As shown in FIG. 12, the monitoring device 10 can be connected to
one or more on-line components via an Internet or intranet
connection 194, including one or more remote entity websites 196
each having a reward library database 198 that can be accessed by
the user 192 to obtain various product and store information,
advertisements, discount coupons, as well as other information. An
example remote website 196 may comprise, for example, an on-line
pharmacy or medical supply store having a specialized rewards
web-page that can be accessed by the user to view and/or redeem one
or more earned rewards or incentives. The monitoring device 10 may
be further linked to one or more other web-sites 200 each including
storage 202 for storing information about the user's compliance
with their prescribed medical plan, any past rewards or incentives
that have been received, the anticipated time when another reward
or incentive will be received, customer identifying information, as
well as other information. In certain embodiments, for example, one
of the other web-sites 200 may comprise the user's own personal
web-site or the web-site of their healthcare provider or health
insurance provider.
[0088] As can be further seen in FIG. 12, one or more other
monitoring devices 204 and/or other external devices 206 can also
be linked to the monitoring device 10 as well as the remote entity
websites 196 and other web-sites 200 via the Internet or an
intranet connection 194. Other monitoring devices 204 that can be
connected can include, but are not limited to, blood pressure
meters, blood oxygen monitors, insulin pumps, continuous glucose
monitors, prosthetic devices, shoes, scales, pedometers, exercise
equipment, heart monitors, and spirometers.
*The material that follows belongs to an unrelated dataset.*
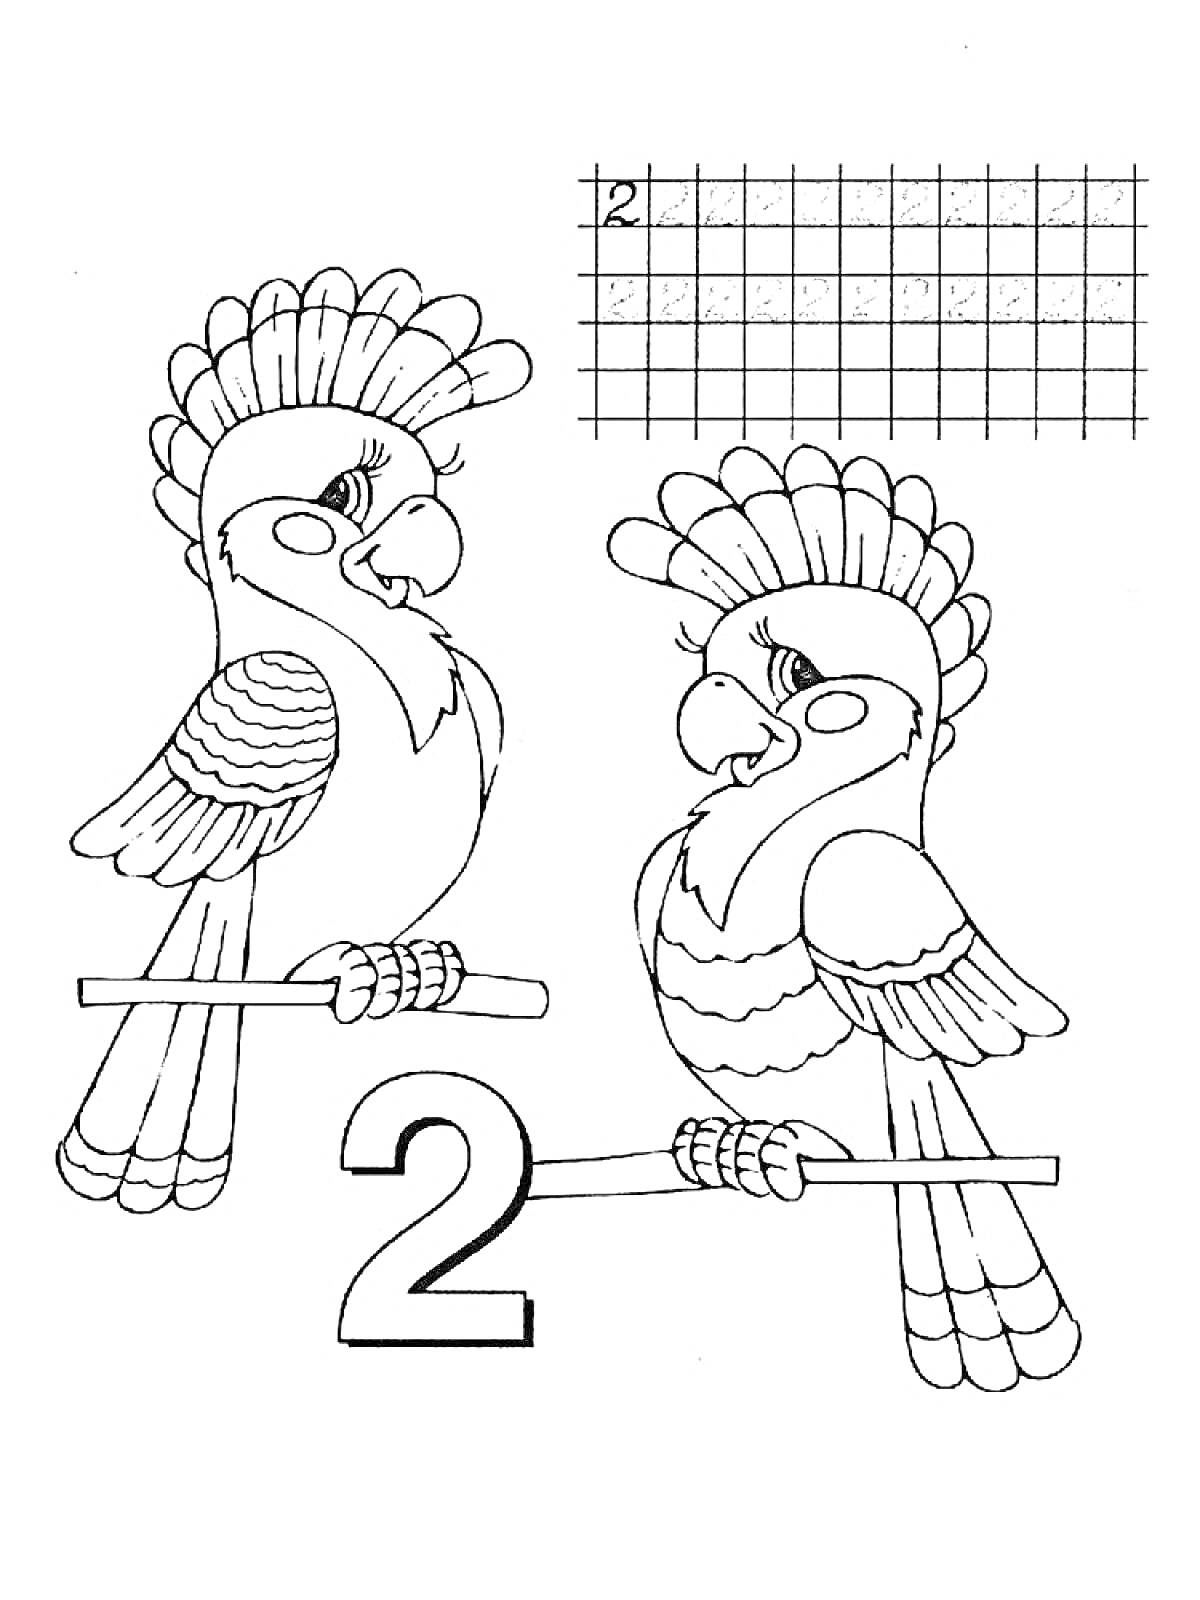 Раскраска Два попугая на жердочках с цифрой 2 и сеткой для обучения письму цифры

Other external devices
206 that can be connected can include, but are not limited to,
personal computers, laptop computers, hand-held computers, cellular
telephones, pagers, television set or cable boxes, video game
consoles, and digital media players. In one illustrative
embodiment, for example, a television or cable set box can be
connected to the monitoring device 10 via the Internet 194,
allowing the user 192 to transmit and receive data and messages
back and forth between the monitoring device 10 and one or more of
the other components 196,200,204,206.
[0089] FIG. 13 is a diagrammatic view showing an illustrative
implementation of the on-line reward system 190 of FIG. 12. As
shown in FIG. 13, the monitoring device 10 can be connected to one
or more retail web-sites 208 each including a reward library
database 210 that can be accessed by the user 192 to obtain various
product and store information, advertisements, discount coupons, as
well as other information. The monitoring device 10 can also be
connected to one or more financial institution web-sites 212 each
including a reward library database 214. An example financial
institution web-site may include a credit card company or bank in
which the user 192 conducts business with. Based on the user'
compliance with the reward criteria within the reward library
database 214, the credit card company or bank may provide the user
with a reward or incentive such as a credit or rebate to their
account.
[0090] The monitoring device 10 can also be connected to one or
more insurance web-sites 216 each including a reward library
database 218. In certain embodiments, for example, insurance
web-sites 216 may include the web-site of the use's heath insurance
provider. Based on the user's compliance with the reward criteria
within the reward library database 218, the insurance provider may
then provide the user with a reward or incentive such as a
reduction in health insurance premiums or co-pays. In similar
fashion, the monitoring device 10 can be connected to one or more
health/fitness club web-sites each including a reward library
database 222. Based on the user's compliance with the reward
criteria within the reward library database 222, the health/fitness
club may provide the user with a reward or incentive such as the
reduction in membership fees. As further shown in FIG. 13, the
monitoring device 10 can be connected to one or more other devices
including, but not limited to, a cellular telephone 224, personal
computer 226, blood pressure monitor 228 and/or a cable/television
set box 230.
[0091] FIG. 14 is a diagrammatic view showing an illustrative
vehicle reward system 232 for rewarding a driver 234 that uses the
monitoring device 10 for monitoring one or more medical parameters.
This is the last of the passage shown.